Latest transaction, totaling approximately $770 million, adds key commercial products and clinical/preclinical product candidates in the pipeline.
Alcon announced Monday that it has entered into a definitive merger agreement to acquire Aerie Pharmaceuticals.
With this transaction, Alcon will add broader pharmaceutical research and development capabilities to its existing commercial expertise, according to a company news release.
The company will add the following commercial products: netarsudil and latanoprost ophthalmic solution (Rocklatan) 0.02%/0.005%; netarsudil and latanoprost ophthalmic solution (Rhopressa) 0.02%/0.005%; AR-15512, a dry eye disease (DED) candidate currently in phase 3 trials; as well as several clinical and preclinical ophthalmic pharmaceutical product candidates in the pipeline.

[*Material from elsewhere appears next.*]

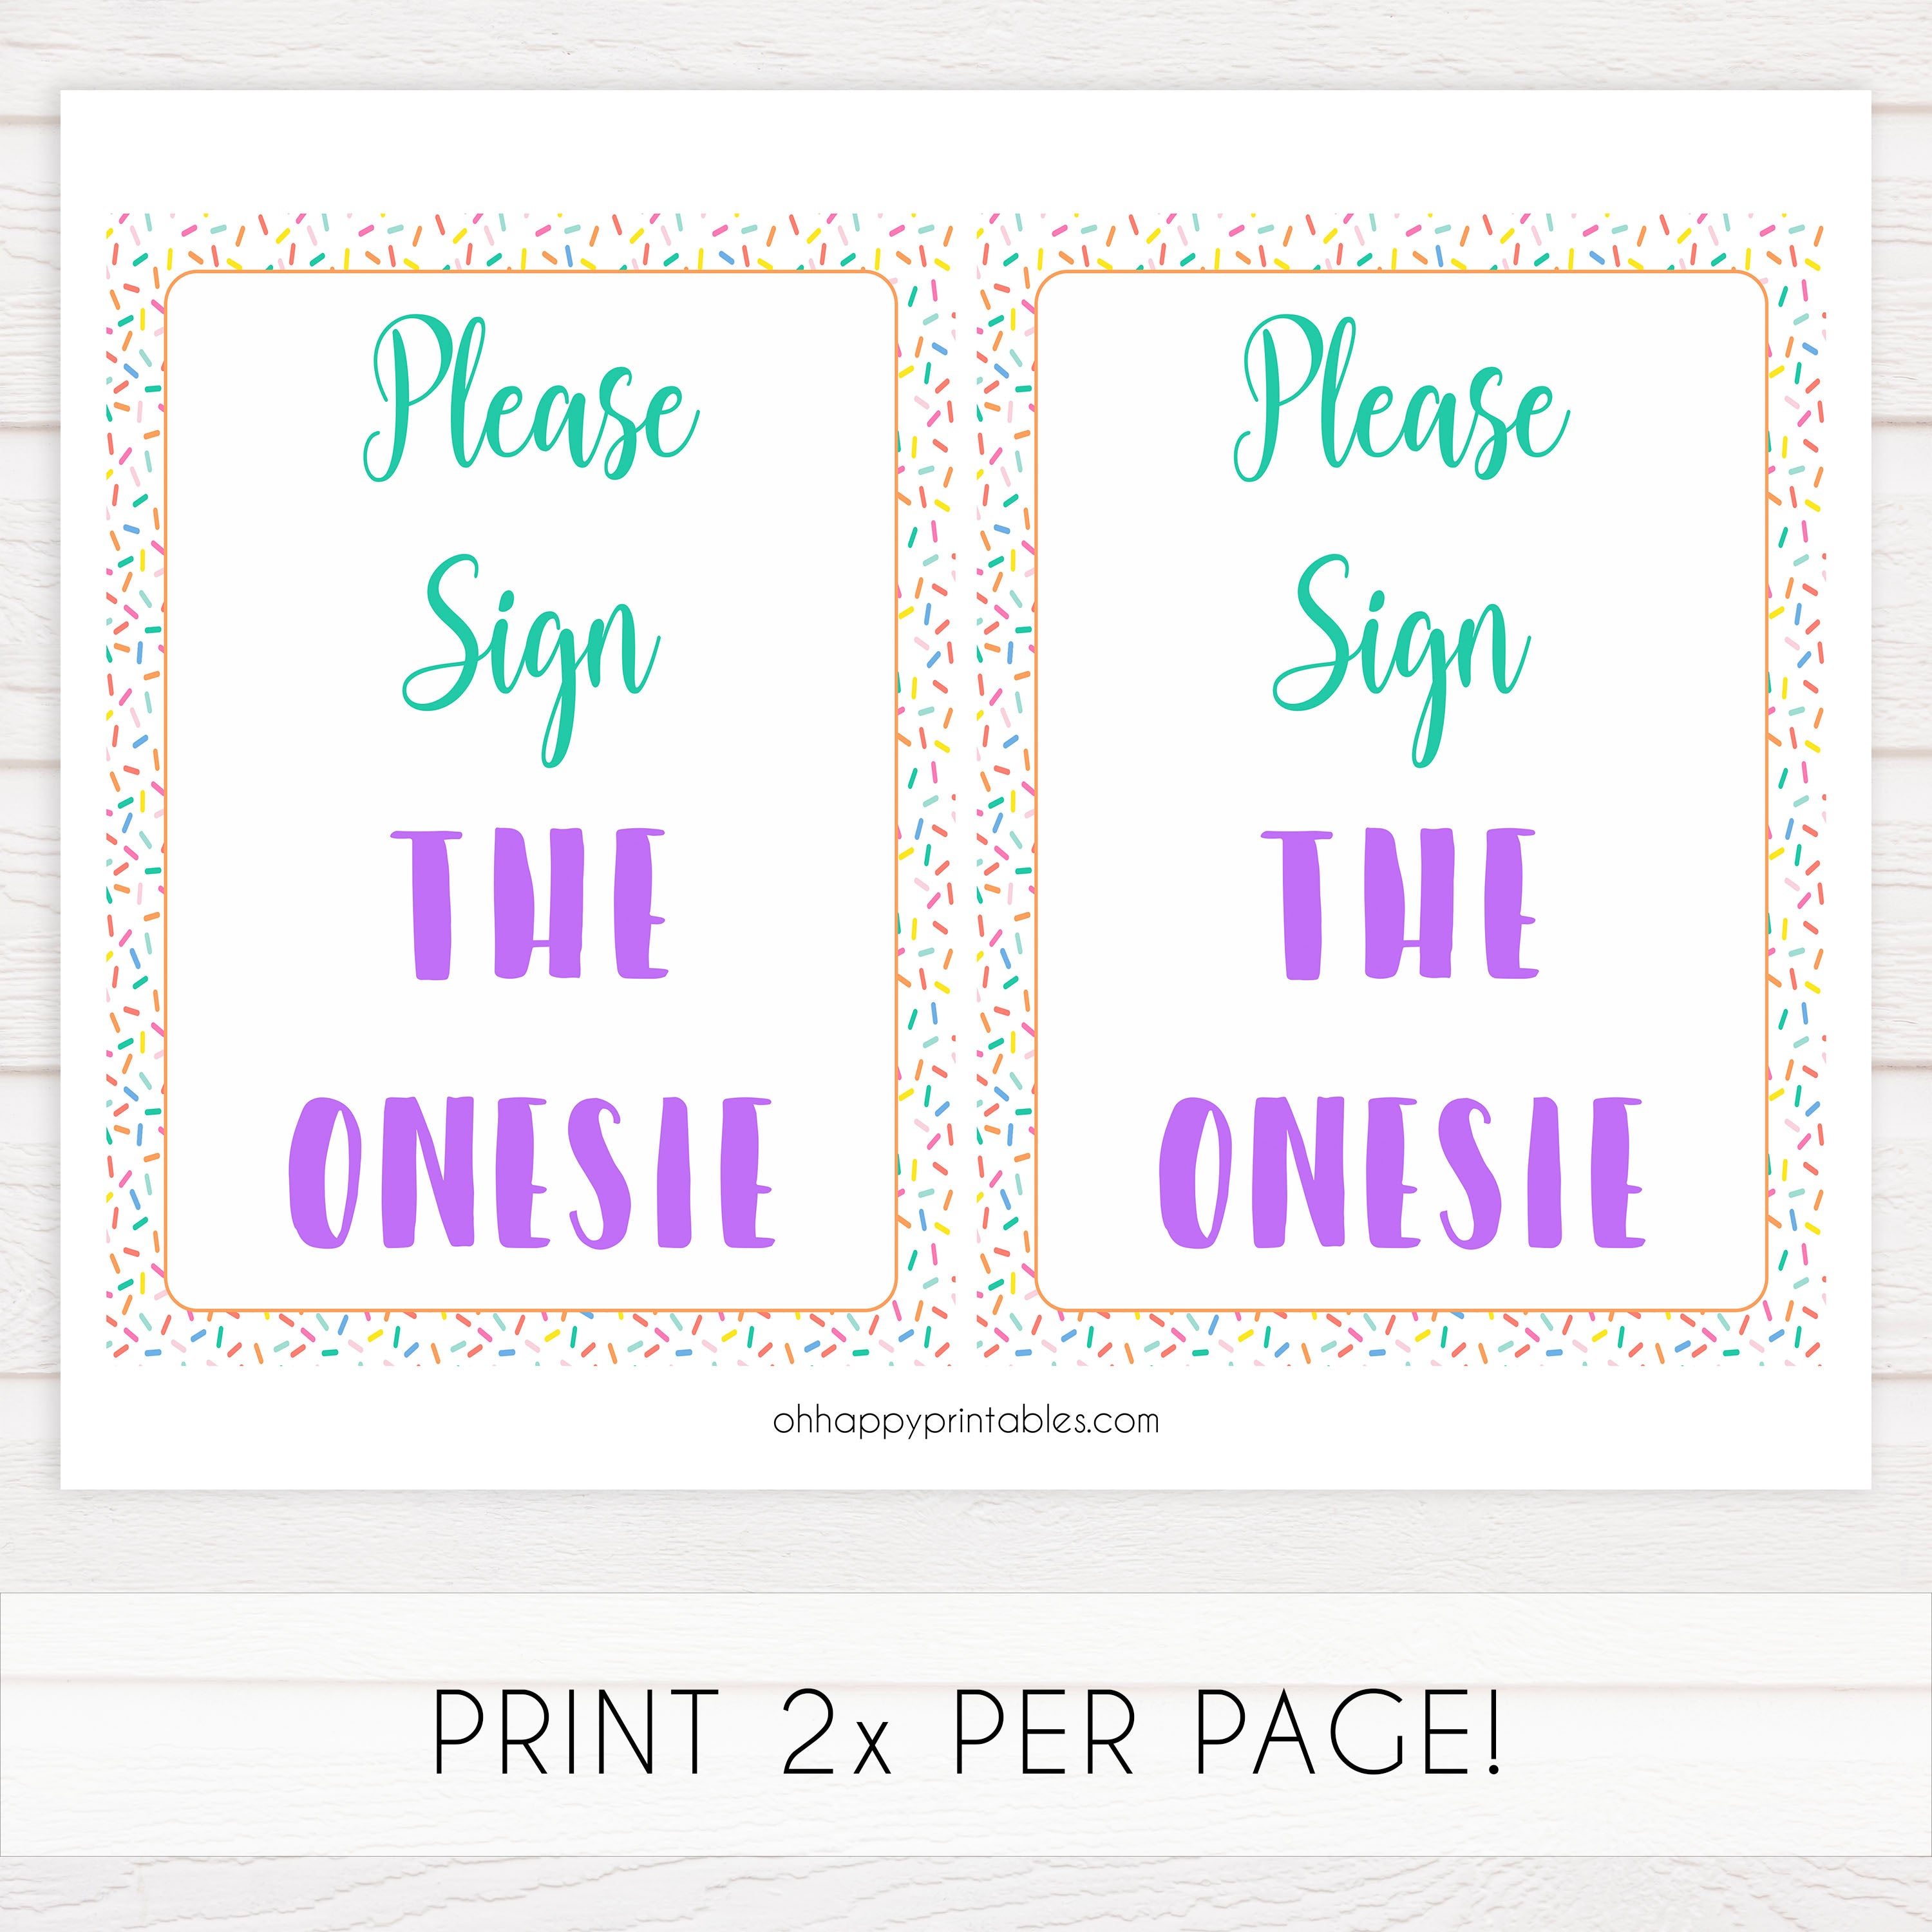 Please sign the onesie, Printable baby shower games, baby sprinkle fun baby games, baby shower games, fun baby shower ideas, top baby shower ideas, sprinkle shower baby shower, friends baby shower ideas

This latest deal follows Alcon’s recent acquisitions of the exclusive US commercialization rights to brinzolamide/brimonidine tartrate ophthalmic suspension (Simbrinza; Novartis) 1%/0.2% in April 2021 and loteprednol etabonate ophthalmic suspension (Eysuvis; Kala Pharmaceuticals ) 0.25% and loteprednol etabonate ophthalmic suspension (Inveltys; Kala Pharmaceuticals) 1% in May 2022.
“Aerie is a natural fit with on-market and pipeline products and R&D capabilities that offer the infrastructure needed to expand our ophthalmic pharmaceutical presence,” stated Alcon CEO David Endicott, in the release.
Raj Kannan, Aerie’s CEO, shared similar sentiments.
““Alcon is the right strategic and financial partner to maximize the potential of Aerie’s commercial franchise and our growing portfolio of pipeline assets,” he stated.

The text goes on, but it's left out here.